Fallbeispiel: Der Fall des Herrn O.
Herr O., ein gepflegter, gut gekleideter 43-jähriger Mann von eher sportlicher Statur, kommt auf Anraten seiner Hausärztin in ihre ambulante Behandlung. Er berichtet auf Nachfrage, dass er schon seit Jahren immer wieder depressiven Symptomen leide. Gerade sei es wieder schlimmer- Er sei „dünnhäutig“, oft traurig, weine z-T- bei Kleinigkeiten, grübele viel (er bezeichnet sich selbst als „Overthinker“) und neige zum Katastrophisieren. Er sei häufig niedergeschlagen mit Stimmungstiefs und empfinde selten oder nur kurzfristig „echte“ Freude, auch wenn ihm bestimmte Aktivitäten „eigentlich doch Spaß machen“ oder ihn „eigentlich entspannen“ sollten- Aufgrund des ausgeprägten Interessenverlustes ziehe er sich in den letzten Monaten wieder vermehrt in seine Wohnung zurück.
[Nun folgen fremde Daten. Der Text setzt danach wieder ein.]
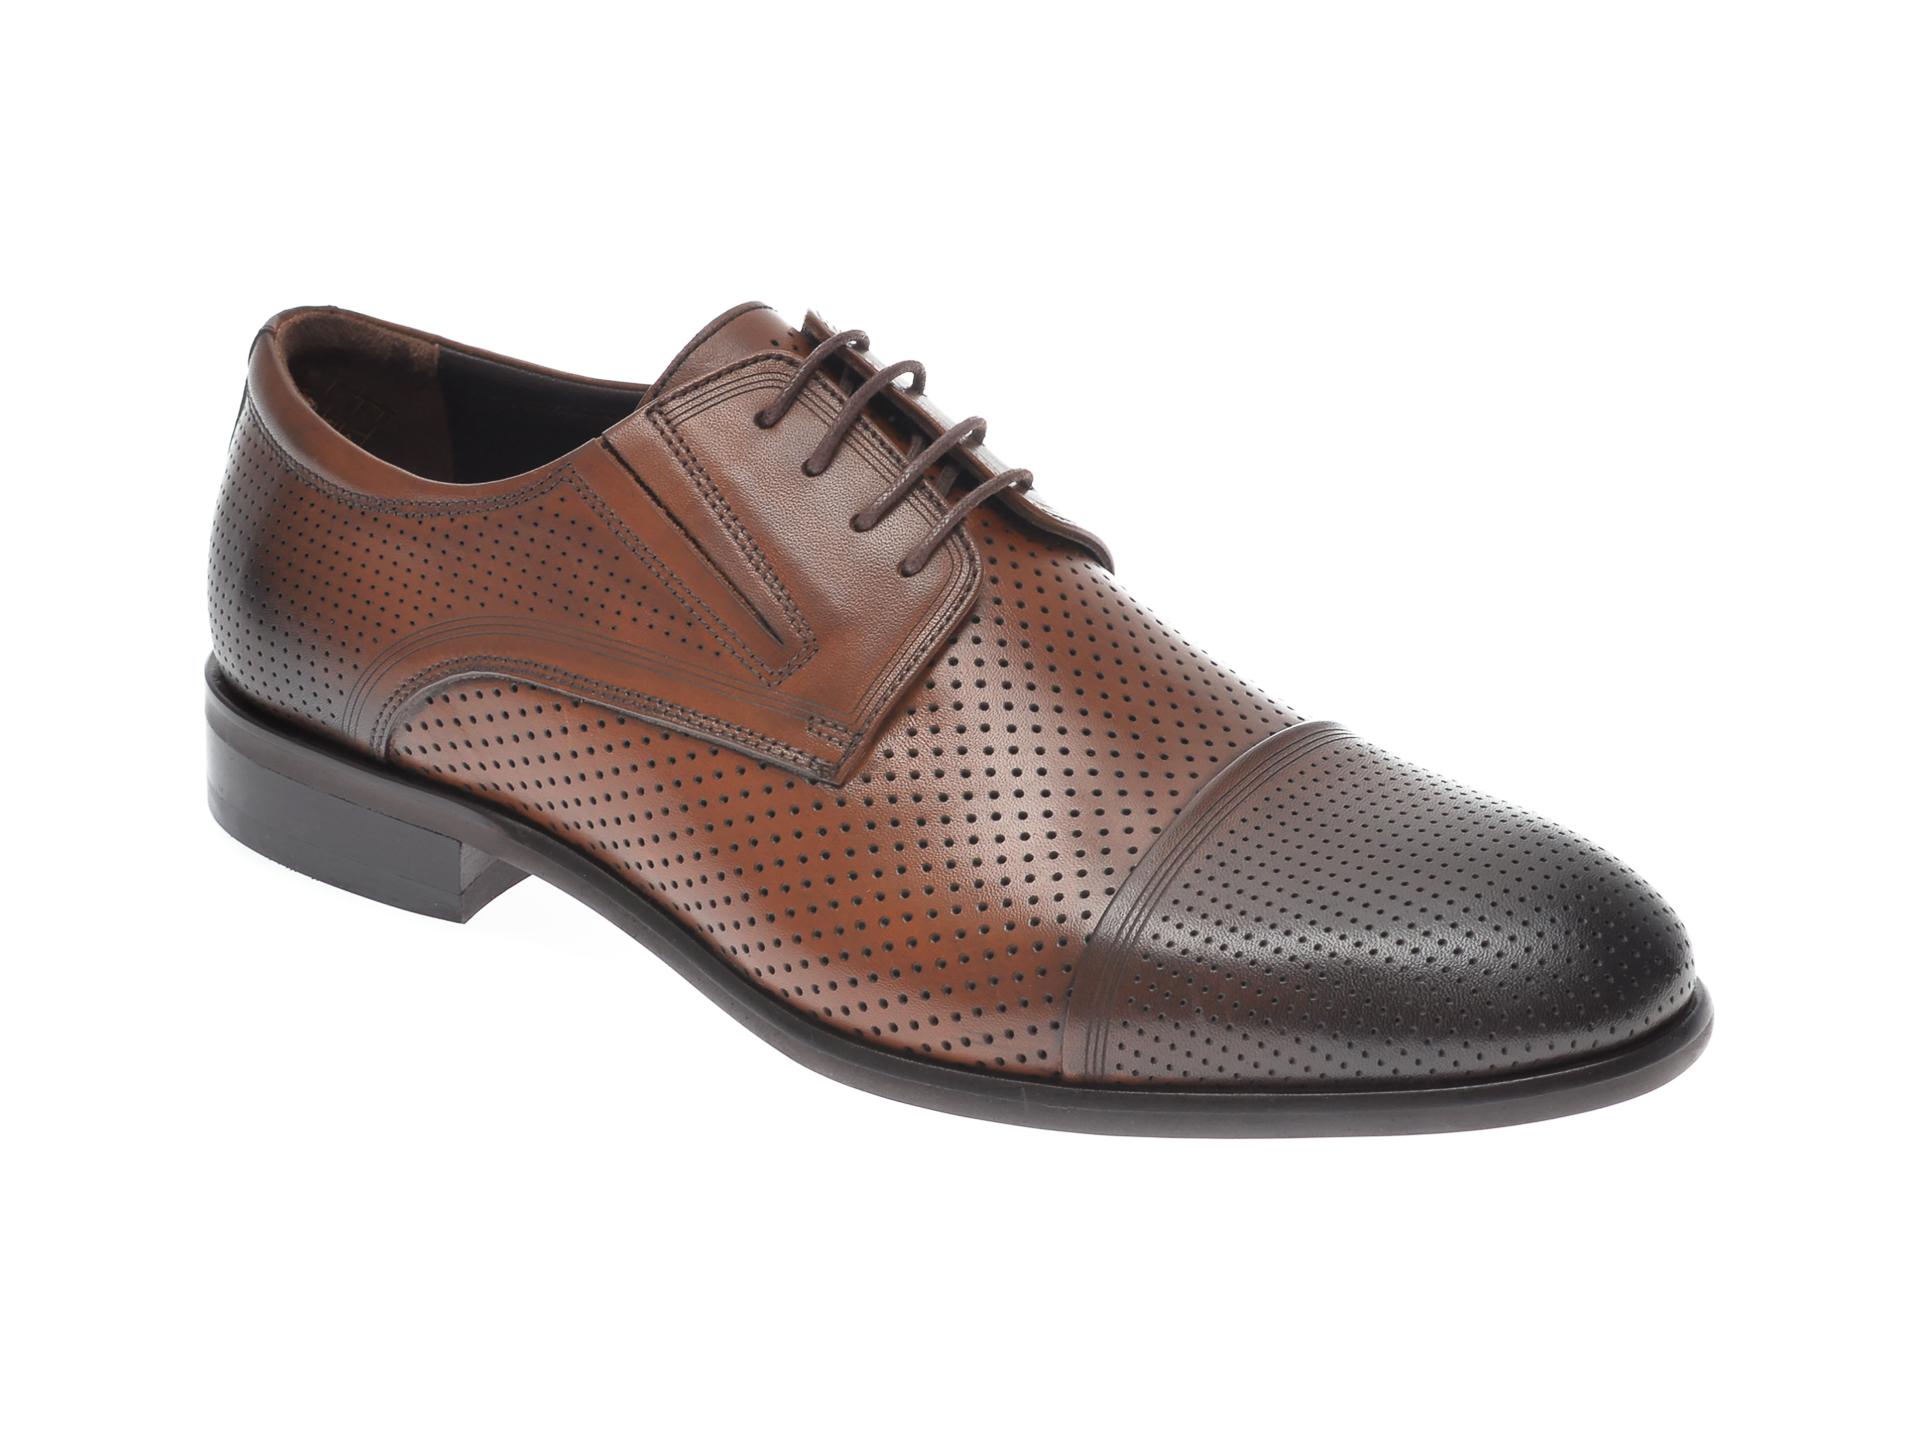 Pantofi OTTER maro, 7840, din piele naturala imagine

Auch von seinem Freundes- und Bekanntenkreis habe er sich distanziert, um diese nicht durch seine Stimmung „runterzuziehen“- Mit im Vordergrund stünden starke selbstabwertende Gedanken, insbesondere wenn er alleine in seiner Wohnung sei- Oft fühle er sich im Vergleich zu „sportlicheren Freunden“ oder „schlaueren Kollegen“ minderwertig- Er habe Schuldgefühle gegenüber sich selbst, auch weil er nun wieder auf Ärzte und Psychologen angewiesen sei („Ich bin der Loser“, „Jetzt heulst du wieder rum“, „Stell dich nicht so an“) und leide unter ständigen Selbstzweifeln. Vor ca. einem halben Jahr habe er einen Zusammenbruch bei der Arbeit erlebt. Kurz davor habe ein Kollege gekündigt und er habe einige Aufgaben mit übernehmen müssen, da es bislang keinen Ersatz gebe. Etwa zur gleichen Zeit sei seine Mutter wegen einer Blinddarmentzündung operiert worden. Er mache sich schon immer enormen Druck durch seinen Perfektionismus und eine hohe Anspruchsund Erwartungshaltung an sich selbst. Er erledige am liebsten alles gleichzeitig, werde v.a. in Stresssituationen innerlich unruhig und nervös und leide unter Kon- zentrations- und Schlafstörungen- Das nächtliche „Gedankenkarussell“ halte ihn wach. Er leide fast täglich unter Kopfschmerzen und schmerzhaften Verspannungen. Er achte nicht auf seine Grenzen, gönne sich keine Ruhe und dürfe nicht krank sein.
In seiner Freizeit zwinge er sich häufig dazu, Sport zu machen. Immer öfter liege er jedoch nur noch lustlos und antriebslos auf der Couch und grübele darüber nach, was in seinem Leben falsch laufe.
Die erste depressive Phase mit Schlafstörungen, innerer Unruhe, Dünnhäutigkeit (er habe oft heimlich geweint), Grübeln und Selbstwertproblemen habe Herr O. bereits mit Anfang 20 erlebt. Damals sei eine Liebesbeziehung gescheitert, er habe sich mit seinen Eltern gestritten, sei von zu Hause aus und in eine neue Stadt und weg von seinem Freundeskreis gezogen und unzufrieden mit seiner Berufswahl gewesen. In dieser Zeit habe er sich bereits erstmals in therapeutische Behandlung begeben; seither sei er „immer mal wieder in Therapie“ gewesen. Nach Schwankungen im weiteren Verlauf sei es vor 10 Jahren dann erneut zu einer deutlichen Verschlechterung gekommen. Er habe immer mehr unter beruflichem Stress und auch körperlichen Symptomen wie Kopfschmerzen etc. gelitten. Er sei damals über 2 Jahre lang in ambulanter psychotherapeutischer Behandlung gewesen. Bis 2015 habe er auch Medikamente genommen; aktuell jedoch nicht mehr. 2017 habe es nach einer „Eskalation“ am Arbeitsplatz einen ersten Zusammenbruch gegeben; damals habe er sich jedoch lieber selbst „herauskämpfen“ wollen. Nun habe er sich aber doch entschieden, die Erkenntnisse aus der letzten Therapie aufzufrischen und damit für die Zukunft Vorsorgen. Ihm sei mittlerweile klar, dass nur er selbst etwas an seiner Situation ändern könne, fühle sich jedoch immer wieder blockiert, frustriert und sei enttäuscht von sich selbst. Oft sei er überzeugt, dass es eh nicht mehr besser werde. Auch wolle er anderen keinen Therapieplatz wegnehmen, die es nötiger hätten.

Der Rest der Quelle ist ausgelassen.